Model Infrastructure

Model Serving at the Edge: Latency, Cost, and the Architecture That Follows

James Thornton March 14, 2026

The canonical architecture for AI application deployment in 2023 was simple: route all model calls to a centralized inference API, whether OpenAI's, Anthropic's, or your own GPU cluster. This architecture is excellent for development and early production. It's operationally simple, it requires no model deployment expertise, and it lets you iterate on the application layer without worrying about the infrastructure layer. For small to medium traffic volumes, the economics are acceptable.

At scale, the economics change. The latency and cost of centralized GPU inference become significant constraints for applications that require sub-100ms response times or that serve high request volumes. The architectural pressure at this point pushes toward edge serving — deploying smaller, specialized models closer to the users and workloads they serve.

What "edge" means in practice

Edge serving doesn't always mean IoT devices or mobile phones. In most enterprise contexts, "edge" means geographically distributed cloud regions, CDN nodes, or on-premises infrastructure. The goal is to reduce the network distance between the serving infrastructure and the users or data sources, reducing latency and eliminating the bandwidth cost of routing data to a centralized cluster.

Modal's architecture is relevant here. The serverless GPU compute model — spinning up isolated containers with GPU access on demand, paying per second of compute — makes edge deployment economics tractable for production workloads that would previously have required dedicated GPU instances. The ability to deploy a fine-tuned model to multiple regions with per-request pricing, without managing the infrastructure of persistent GPU cluster allocation, changes the cost structure of edge serving significantly.

The model selection that follows from edge constraints

The practical implication of edge serving is that model selection is constrained by deployment requirements. Large frontier models (70B+ parameters) are not practical for edge serving on current hardware. The edge serving opportunity is in the smaller, task-specific, fine-tuned model tier — models in the 3B to 13B parameter range that have been fine-tuned on domain-specific data to perform well on a narrow task set.

This creates an interesting dynamic in the model market. The frontier models from Anthropic, OpenAI, and Google are optimal for capability-first applications where response quality matters more than latency or cost. The fine-tuned small model tier is optimal for latency-sensitive, cost-sensitive applications where the task is well-defined and the model can be specialized.

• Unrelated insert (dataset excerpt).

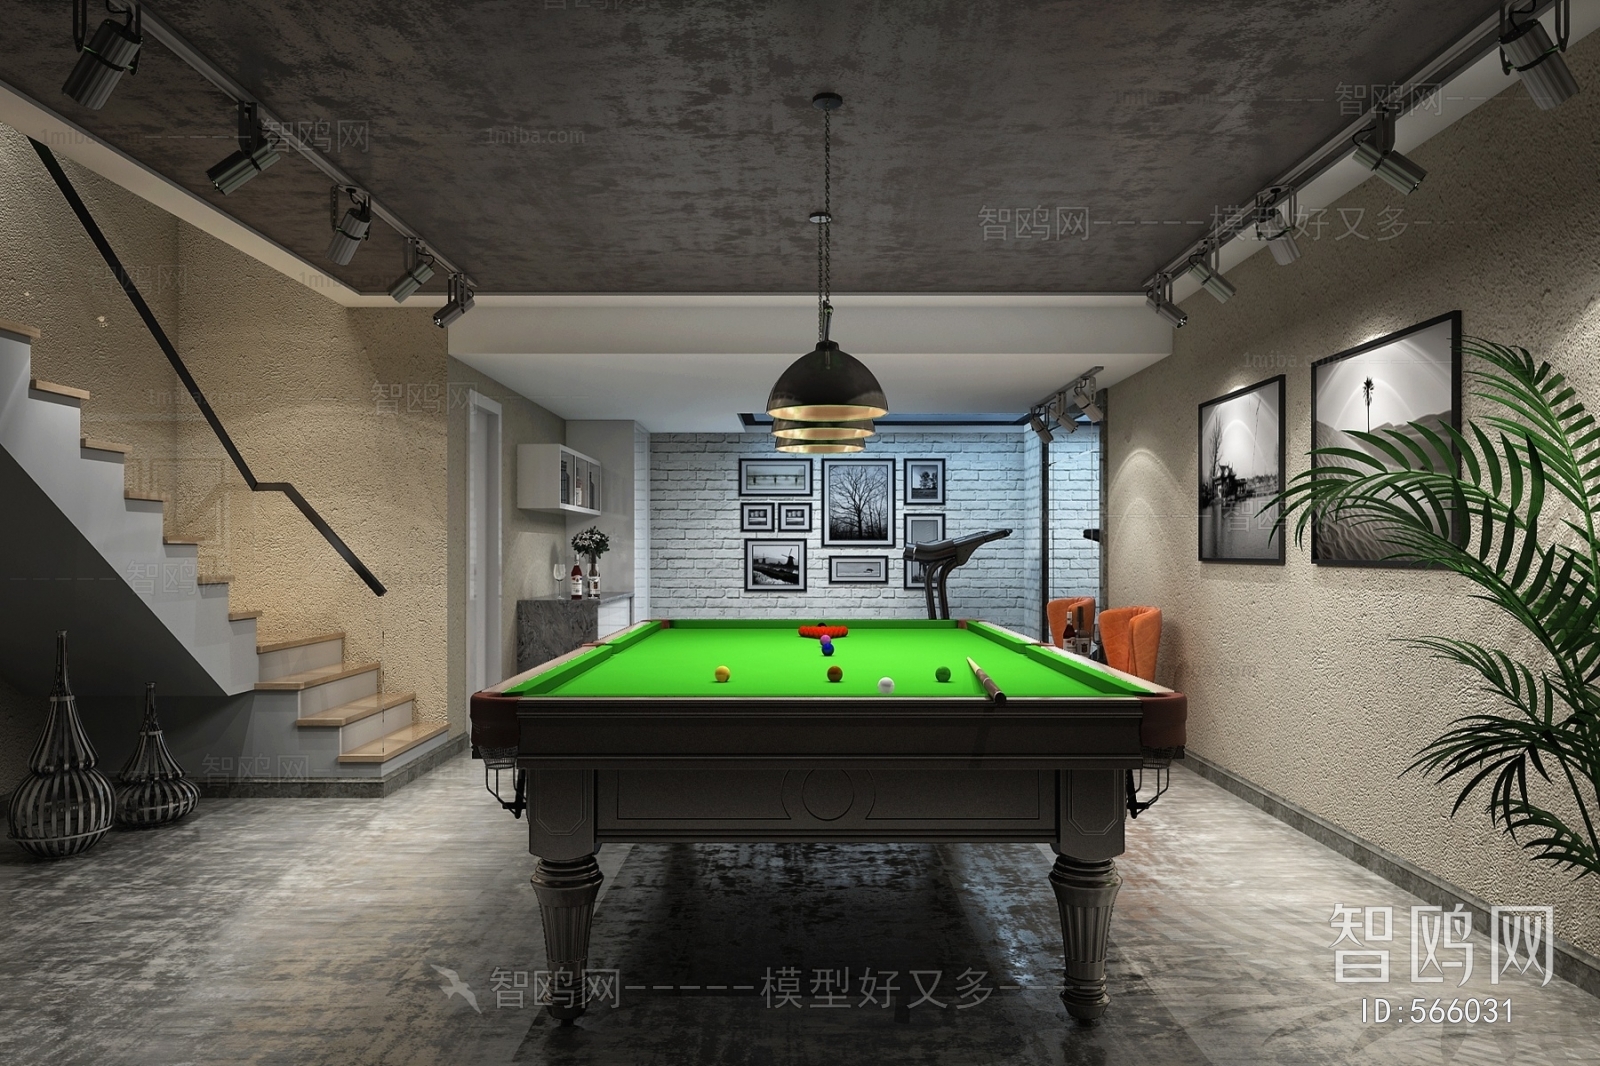 Industrial Style Billiards Room

Feature serving infrastructure — Chalk's real-time feature computation, for example — fits the latter pattern: the model inputs are structured, the outputs are predictable, and low latency matters more than general capability.

Infrastructure implications

The edge serving trend creates infrastructure requirements that are different from centralized inference. Model versioning and deployment pipelines for distributed edge environments are different from single-region deployment. Monitoring and evaluation for models running in dozens of edge locations requires different observability infrastructure than monitoring a single centralized API. The tooling for managing edge AI deployment at scale is in its early stages — this is a real infrastructure gap and a category where we're actively looking for investments.